Vivono in case comuni chiamate atta o ette. Hanno una struttura circolare con un tetto a forma di cono fatto di foglie di palma. Costruire una atta è considerata una attività spirituale in cui il gruppo riproduce la grande casa cosmica del Creatore.
  • Arawak
Gli Arawak sono un gruppo di popoli indigeni del Sud America e storicamente dei Caraibi. In particolare, il termine Arawak viene attribuito alle tribù Lokono del Sud America e alle tribù Taino, che storicamente hanno vissuto nelle Grandi Antille e del nord delle Piccole Antille nel Mar dei Caraibi, i quali parlavano la lingua Arawakan.
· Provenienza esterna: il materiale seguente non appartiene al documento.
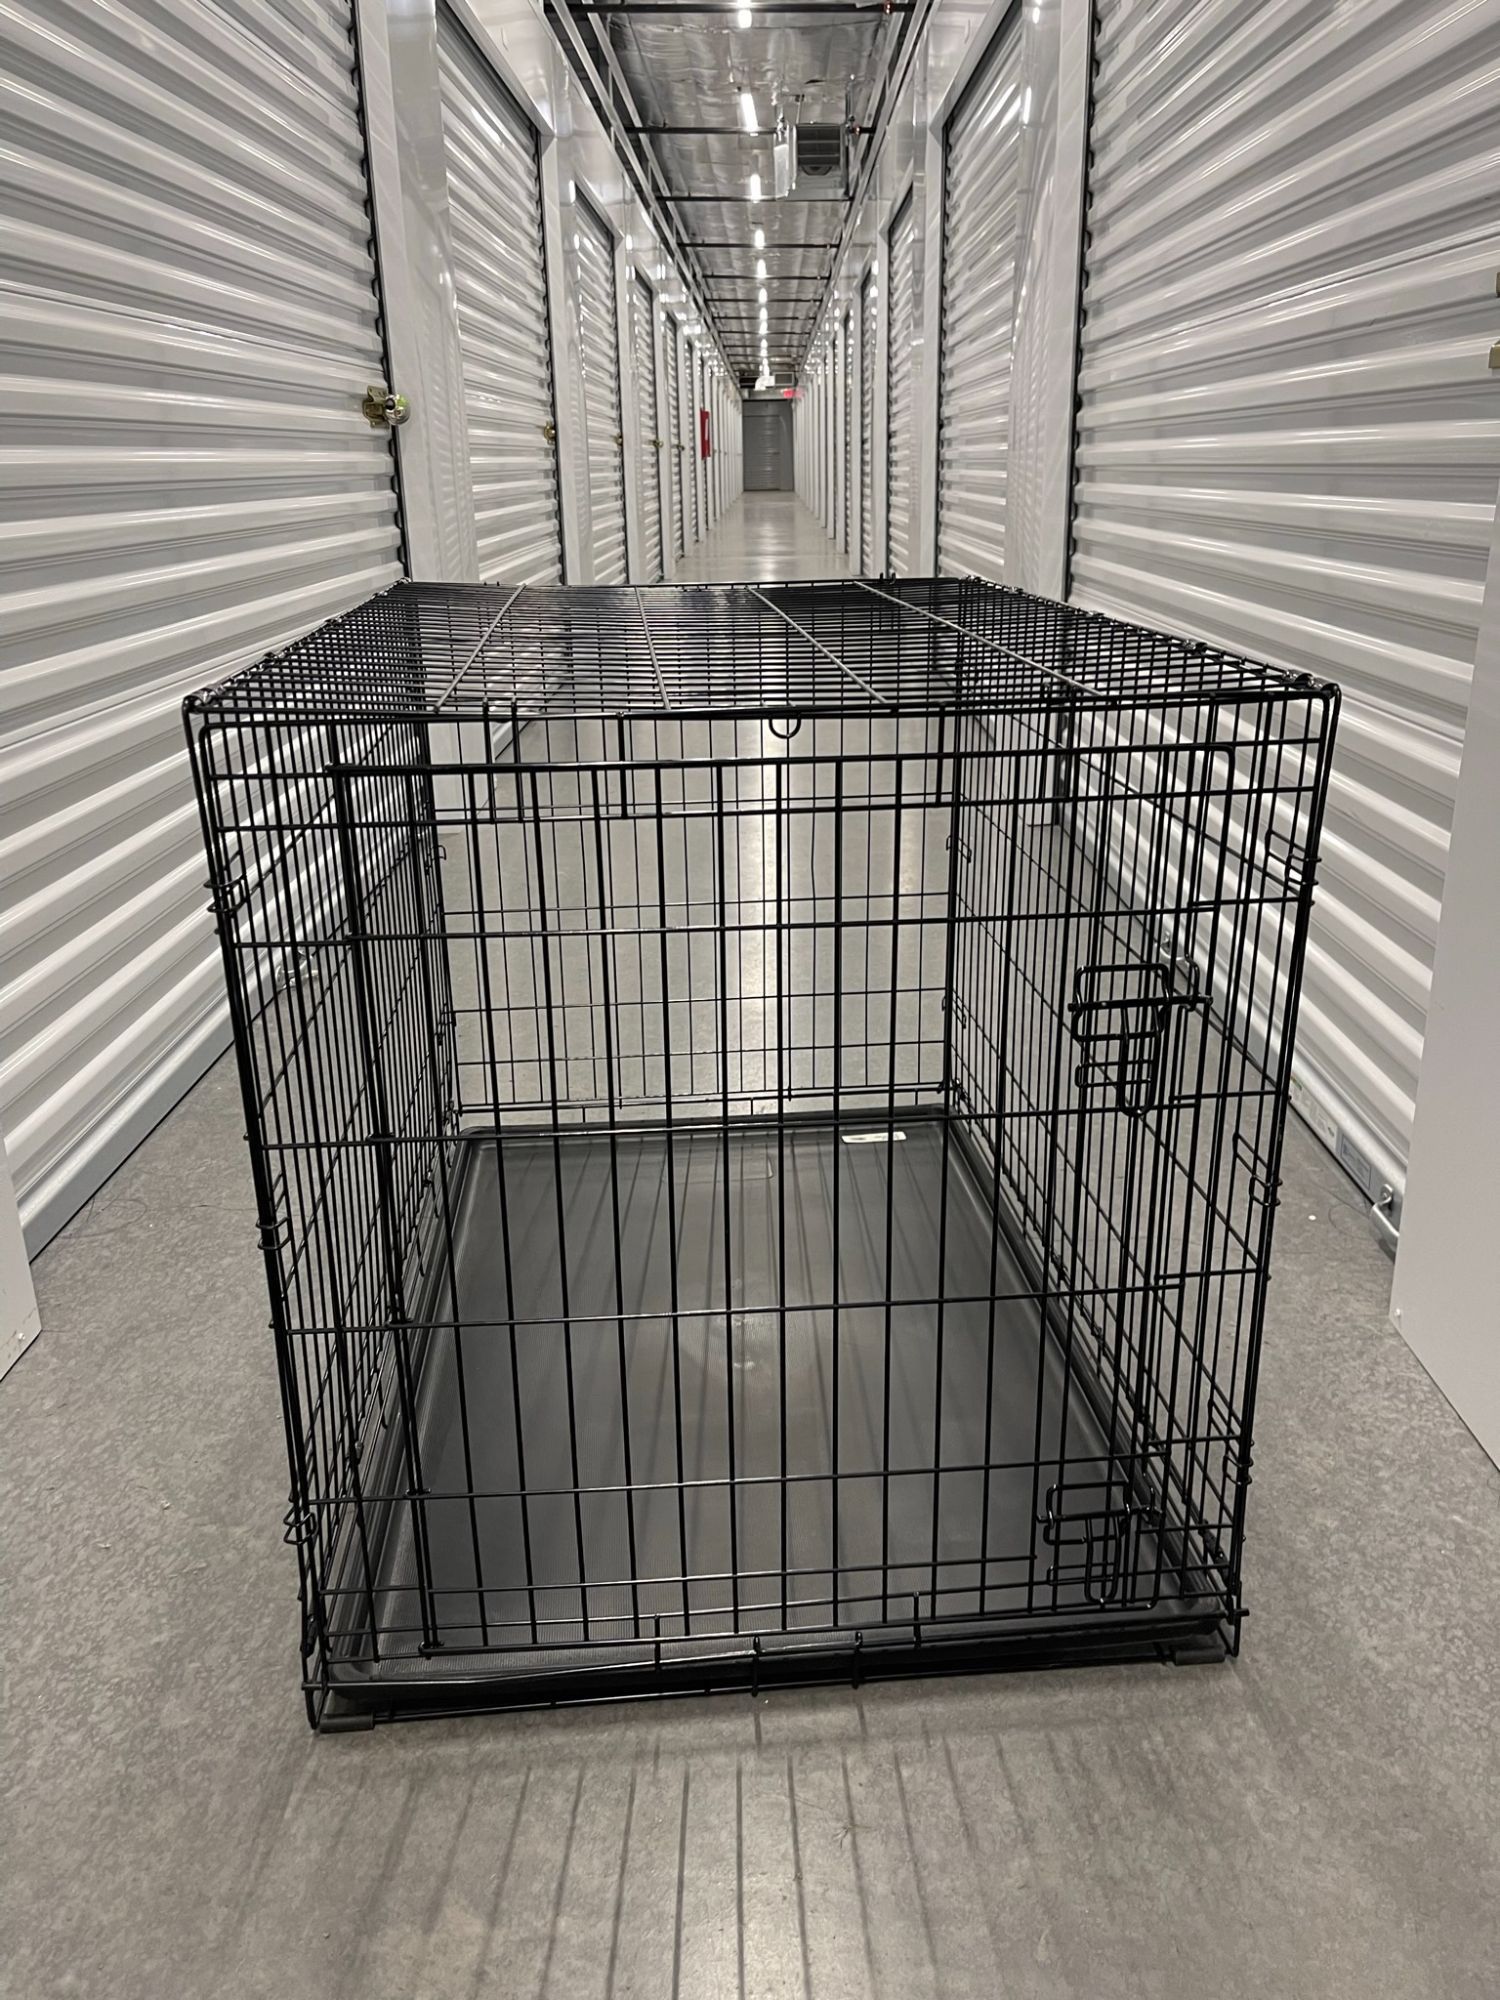 New World 42" Large Dog Kennel Crate Wire 42X28X30 Divider Pull Out Leak Proof Tray

I Taino si sono estinti a partire dal 16° secolo, anche se molte persone nei Caraibi hanno antenati Taino. Ci sono circa 10.000 Lokono che vivono soprattutto nelle zone costiere del Venezuela, Guyana, Suriname e Guyana francese, e molti altri discendenti Lokono in tutta la regione. A differenza di molti gruppi indigeni del Sud America, la popolazione dei Lokono è in crescita.
  • Awá
Gli Awá o Guajá sono un gruppo in via di estinzione di indios che vivono nella parte orientale della foresta amazzonica del Brasile. Ci sono circa 350 membri, e 100 di loro non hanno alcun contatto con il mondo esterno. Il loro linguaggio fa parte della famiglia tupi-guarani. Originariamente vivevano in insediamenti, ma hanno adottato uno stile di vita nomade, circa nel 1800, per sfuggire alle incursioni da parte degli europei. Nel corso del 19° secolo, furono sempre più sotto attacco da parte dei coloni, che ha eliminato la maggior parte delle foreste dalla loro terra. Dalla metà degli anni 1980 in poi, alcuni Awá si sono trasferiti in insediamenti stabiliti, ma per la maggior parte sono stati in grado di mantenere il loro stile di vita tradizionale, in cui vivono del tutto nelle loro foreste, in gruppi nomadi di poche decine di persone, con poco o nessun contatto con il mondo esterno.
  • Indios bianchi
I primi avvistamenti e incontri nella foresta amazzonica con misteriosi indigeni dalla pelle bianca avvennero nel 16° secolo da parte di missionari spagnoli. Questi incontri ispirarono il viaggio di Percy Fawcett nella giungla inesplorata della regione amazzonica del Mato Grosso. Sono state proposte varie teorie sin dagli inizi del 20° secolo per quanto riguarda gli avvistamenti o incontri documentati. Tra gli indios bianchi amazzonici, vi sono i Parakanã che vivono in Brasile e gli Aché (chiamati Guayakí dalle tribù locali) che vivono in Paraguay.